In that last moment, Rex had looked over his shoulder at Biowulf. Circe he had expected by now, bleeding heart that she was. He could not understand her but he could predict her. The shock of Rex's offer had been bitter and shivering, still rattling through him even now. You coming, or what? Not sweet. Not polite. Still kind.
He could have caught Rex then. Two enemies in one claw. Circe was already weak, and the surprise may have given him the edge he needed over Rex. van Kleiss would have been so pleased.
The field buzzed, impenetrable. Down below an EVO tested its strength and bounced off.
Biowulf had stayed. It was not a sin to have kept the beasts in; in the end, NoFace and van Kleiss had come to blows, the way Biowulf had hoped for since setting foot in this damned city. Master would not have wanted NoFace to be able to leave. It was just as well, that Biowulf had -
That he had abandoned his master and helped a traitor escape.
Had he been human he would have retched. Instead the nausea fizzled out into a sickening sizzle along his circuitry.

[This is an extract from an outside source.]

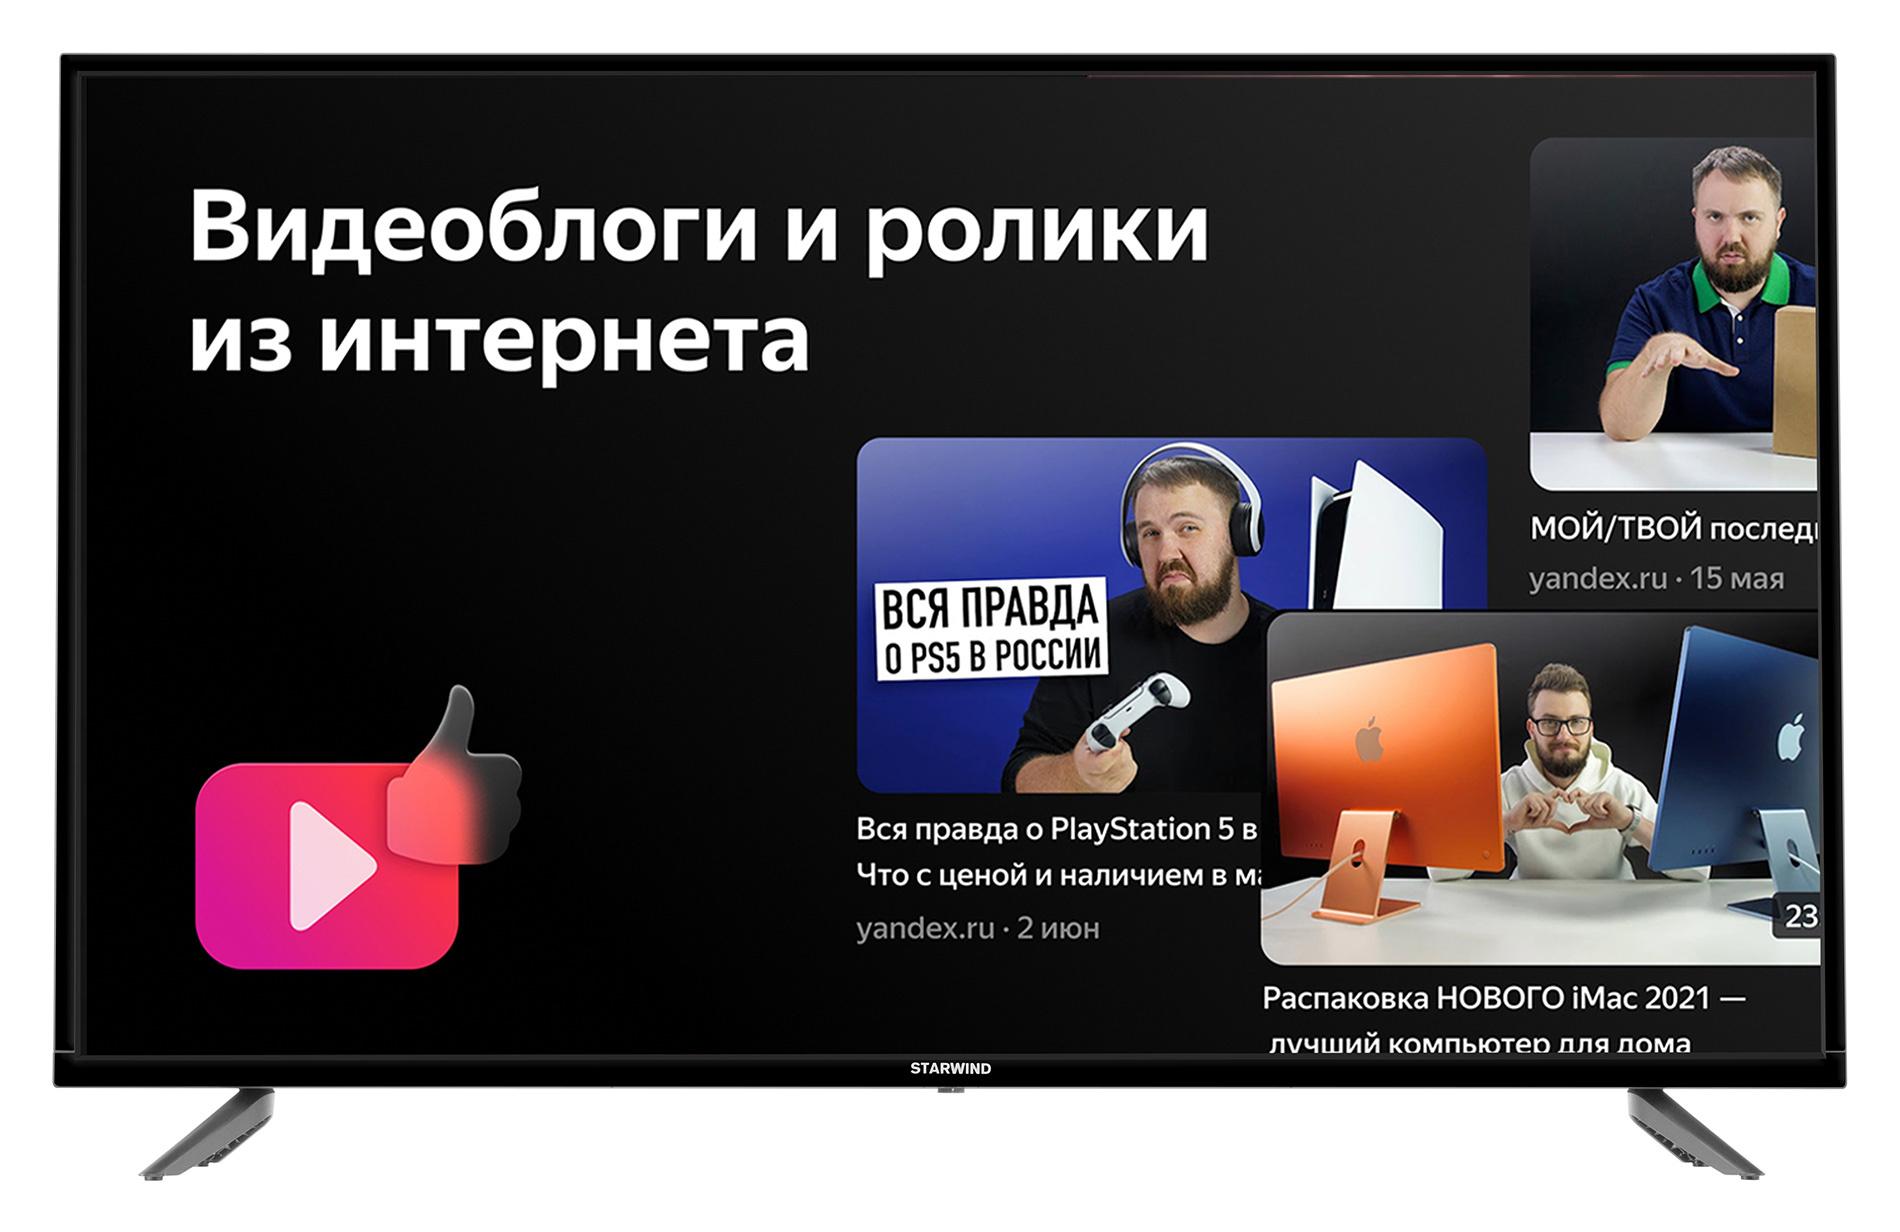 https://images.merlion.ru/145/1451705/1451705_v03_b.jpg

He could still pick out the distant shape of Circe through the haze of the containment field. He did not allow himself to wonder. He did not allow himself the brief fantasy of being on the other side of the field. He would wind his way back through the city, to the arena where he had slipped away from his master, and he would tell van Kleiss that Rex had taken Circe and blocked their escape, and that he was a coward. And van Kleiss would punish him then for his transgressions. He would drain Biowulf of his nanites, or demote him from second, or force him to find his own way home out of the Bug Jar. And certainly van Kleiss would find a way home, as always be could. He would have no need for Biowulf's help. Biowulf had been punished before; either he would survive it or he would die. Either would be at the wishes of his master.
He hesitated. Or.
Maybe he would come back to the arena, and van Kleiss would be victorious already, and know already, and he would look at Biowulf slinking into the space and say, Oh.
I hadn't realized you had left.
Just imagining the words left Biowulf feeling like his chest was being crushed in. Alone, with no one to witness the weakness but the monsters on the ground, he whimpered, a lost pet amongst wolves.
He could only permit himself the one. Providence knew they were there, and whether he went now or later his master would hurt him all the same. Biowulf hungered, desperately, for the security of his master's biting insults and disappointment. He rose to his feet.
The chairs at the castle would be kept, he decided on the way, leaping across rooftops, but the bed that Circe brought in he would burn. He could not afford to see her well-furnished room and remember this doubting virus she had planted into his mind.